On peut proposer l’hypothèse suivante : il existe, en réalité, dans la Tora, une infinité de symboles. La symbolique – le Rémez – constitue l’une des quatre méthodes d’interprétation traditionnelle de l’Ecriture. Il s’agit d’une «véritable science qui comprend ses règles, ses

principes, ses normes [Rabbin E. Munk, la voix de la Tora], Le Lévitique, p. 10».
Non seulement les versets renvoient à des notions qui n’apparaissent pas dans le sens obvie du texte, mais aussi chaque Mitsva, chaque prescription religieuse se réfère à des significations qui imprègnent, même inconsciemment, la pensée et le sentiment de celui qui les accomplit, et le haussent progressivement au niveau de la sainteté.
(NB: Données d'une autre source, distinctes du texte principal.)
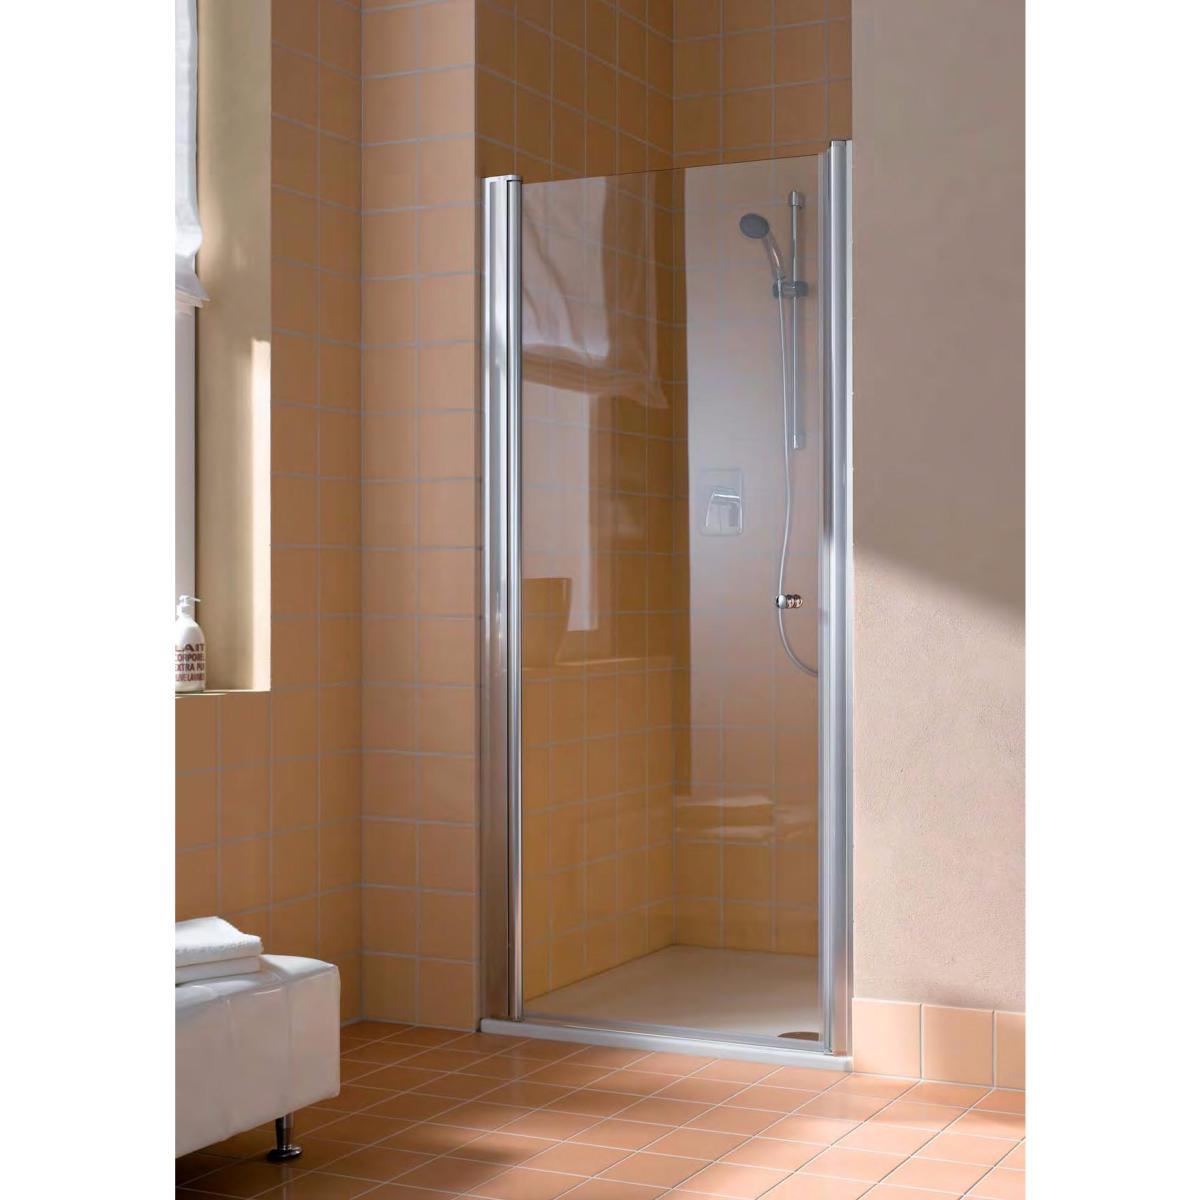 paroi de douche 1 porte pivotante mod le at a at 1w de. Black Bedroom Furniture Sets. Home Design Ideas

Ainsi, les Tsitsiot, les Tefilin, la Mezouza, constituent autant de symboles prestigieux ! De sorte qu’en vérité, tout fidèle observant vit, en permanence, plongé dans un monde de symboles. Personne, plus que lui, n’est porté de manière aussi insistante à l’abstraction intellectuelle… L’existence de ce symbolisme spécifique permet de mieux concevoir la fonction éducative des Mitsvot, telle que la décrit, par exemple, l’auteur du Séfer Ha’hinoukh (Mitsva n° 16) : « (…) Aussi nos Maîtres ont-ils dit : « le Saint-béni-soit-Il a voulu accroître le mérite d’Israël, c’est pourquoi il a augmenté pour eux Lois et Commandements » - afin d’en imprégner toutes nos pensées et d’en faire l’objet de toutes nos préoccupations… Car nous subissons l’effet de nos propres bonnes actions, et nous nous améliorons grâce à elles au point de mériter le monde futur ».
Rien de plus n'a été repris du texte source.